One humid spring night when I was pushing 3 or 4, I aimed my finger skyward and asked, agape, “What’s that?” My mother then introduced me to the fat platinum moon that beamed over New Orleans in an indigo sky. Not long after, she took me into our parish church of Incarnate Word and introduced me to God. I kept calling the altar “Walter” after one of my grown-up cousins, but I got the overall gist of what she was teaching me: that He lived above us in Heaven.
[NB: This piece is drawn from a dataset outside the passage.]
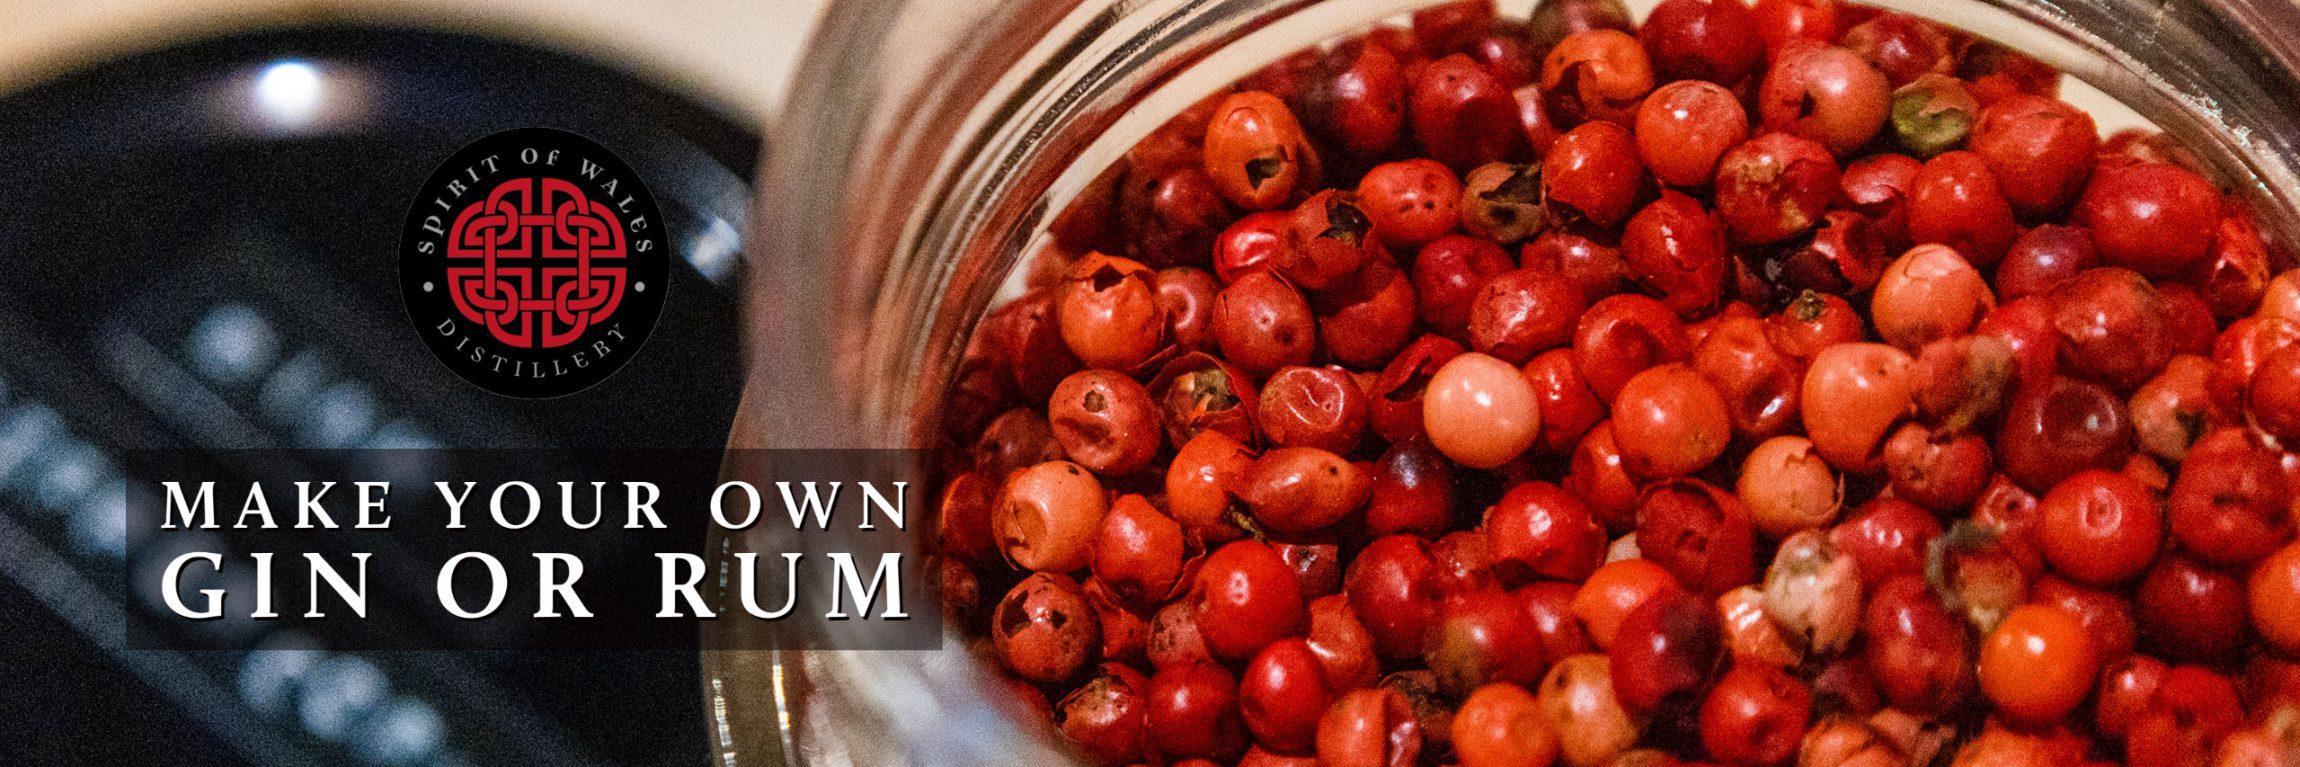 Spirit of Wales Distillery - Make your own gin or rum Botanicals jar

For a long time I thought the markings on the face of the moon were the shadow of Christ the King sitting in profile and surveying the Crescent City from heaven, a lonely Christ hiding in a silver moon.
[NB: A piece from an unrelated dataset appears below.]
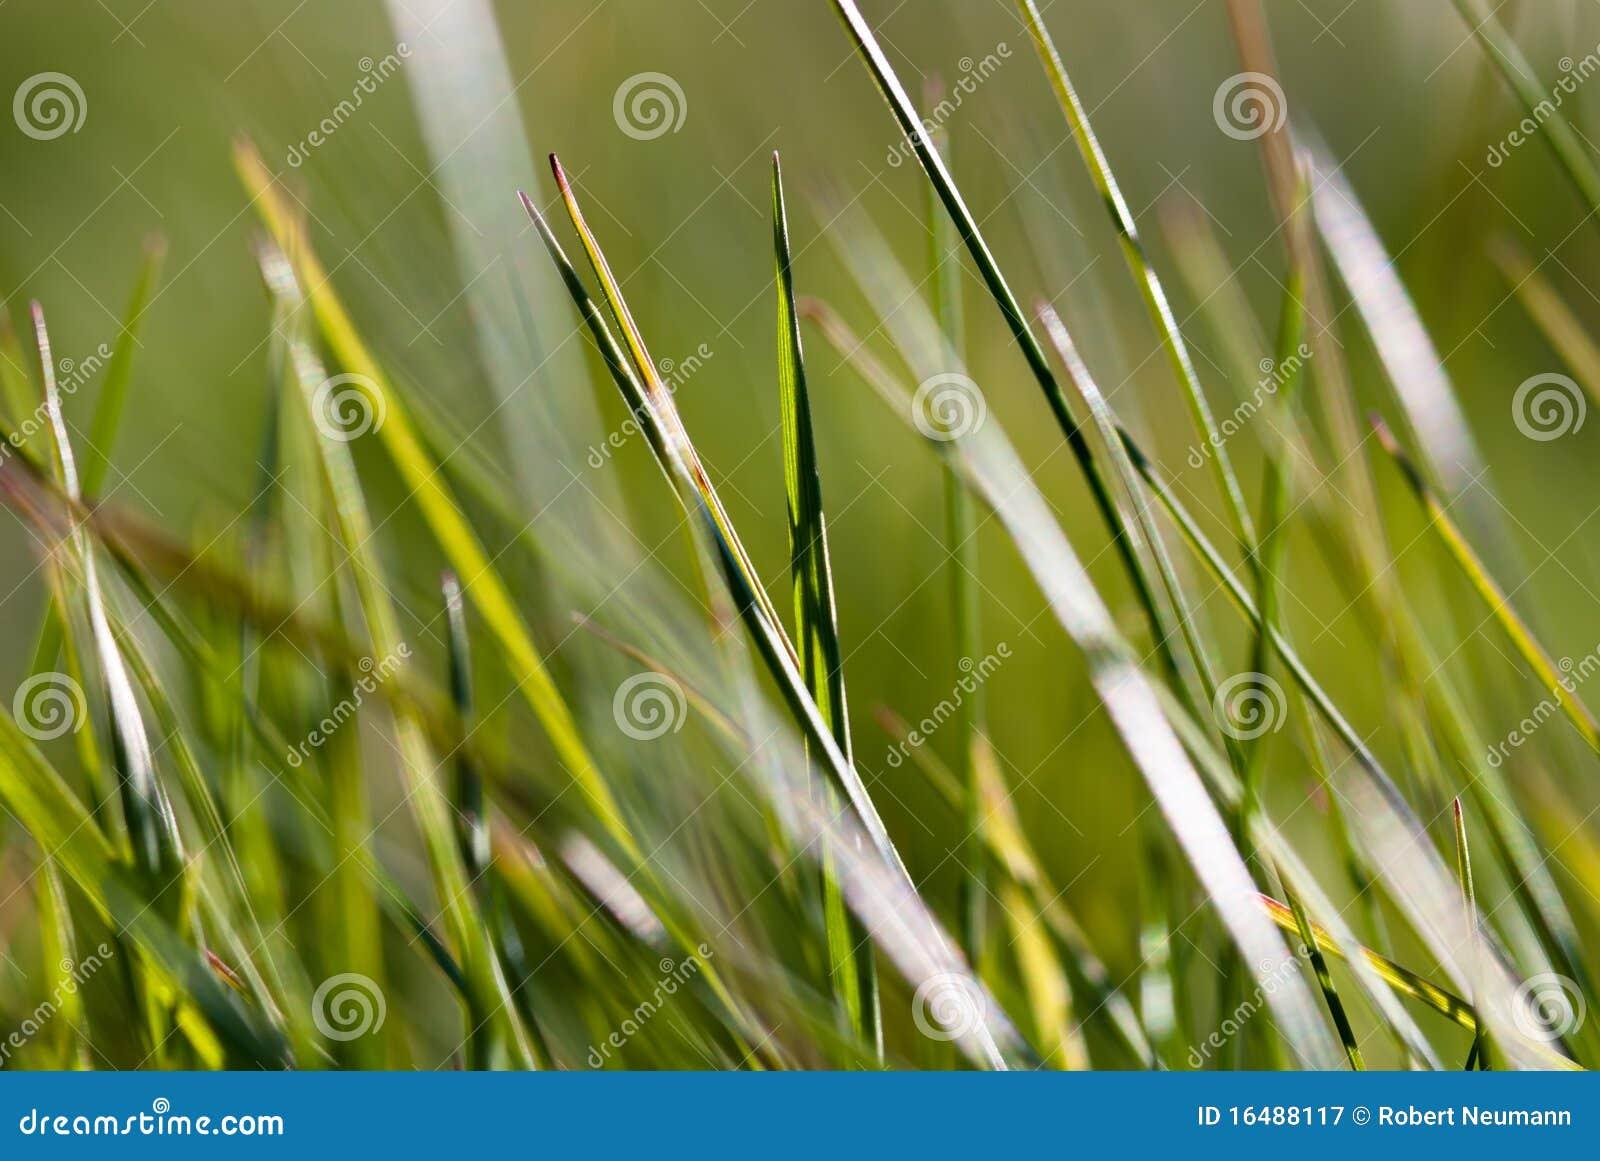 grass macro photography - photo #47

The month of May was designated by the Catholic Church to honor the Blessed Mother, and it was the tradition for each class at Incarnate Word School to take daily turns laying flowers before the blue-robed statue (whose dainty foot lay firmly on the head of a serpent). We all sang, “Mary, we crown thee with blossoms today.” In May, my family’s front yard was filled with white and yellow Shasta daisy blossoms that reminded me of the rising sun bobbing on dense Christmas-tree-green stems and leaves. Both my brother’s and my bouquets for the Blessed Mother were cut from this flower bed by Mom, who allowed no one but herself to touch her daisies. While we were living in Incarnate Word Parish, my father died when I was 8. Each May 15, his birthday, I lay daisies on my father’s grave. It just seems fitting to do so.
Shasta daisies were named by Luther Burbank in 1894 because their pure-white petals reminded him of the snowy peaks of Mount Shasta in California. Burbank’s favorite flower had been the wild oxeye daisy, and he was determined to breed a similar-looking perennial. He first cross bred the old oxeye with the English field daisy but disliked the resulting size. His next attempt crossed the flower with the Portuguese field daisy, and from there he crossed it with the Japanese field daisy. Burbank was then happy with the result of his efforts, which gave us the Shasta, a botanical moniker that sounds like a new Mardi Gras super-krewe. Daisies are strong little critters, raising their sunny heads high after being pelted flat by New Orleans rainstorms. The daisies that grew in our old front yard faced west dead center and withstood the onslaught of the afternoon sun like troupers, fearing neither drought nor humidity as long as they’re planted in well-fertilized soil.


Rocky and Carlo’s restaurant down in “da parish” of St. Bernard qualifies as one of my favorite kind of eateries: Slightly disreputable in appearance, it wears no makeup to the public eye, but its hospitable owners serve heaven-sent manna on an overloaded plate. Boisterous and filled with customers, this St. Bernard institution survived Katrina and returned to bless us with its incomparable cheesy pudding of macaroni and cheese, tender veal parmigiana covered in rich, garlicky crimson sauce and overloaded poor boy sandwiches washed down by bottles of original Barq’s root beer with the blue label. To a native New Orleanian, no other explanation is required. Diving into the deep red ocean of its rolled brucciloni almost seems like a miracle.  Plates are filled to overflowing with prices that are extremely recession-friendly. For Easter Sunday dinner, some may prefer restaurants washed in spring-like patinas of soft colors, but if you didn’t come from “da parish” but pleasantly remember Mother’s Day dinners in the fried chicken heaven that was Jim’s Restaurant on Carrollton Avenue and Earhart, saunter into Rocky and Carlo’s on Mother’s Day for some serious feasting. There’s no better way to celebrate Mom than with cooking –– almost –– as good as hers!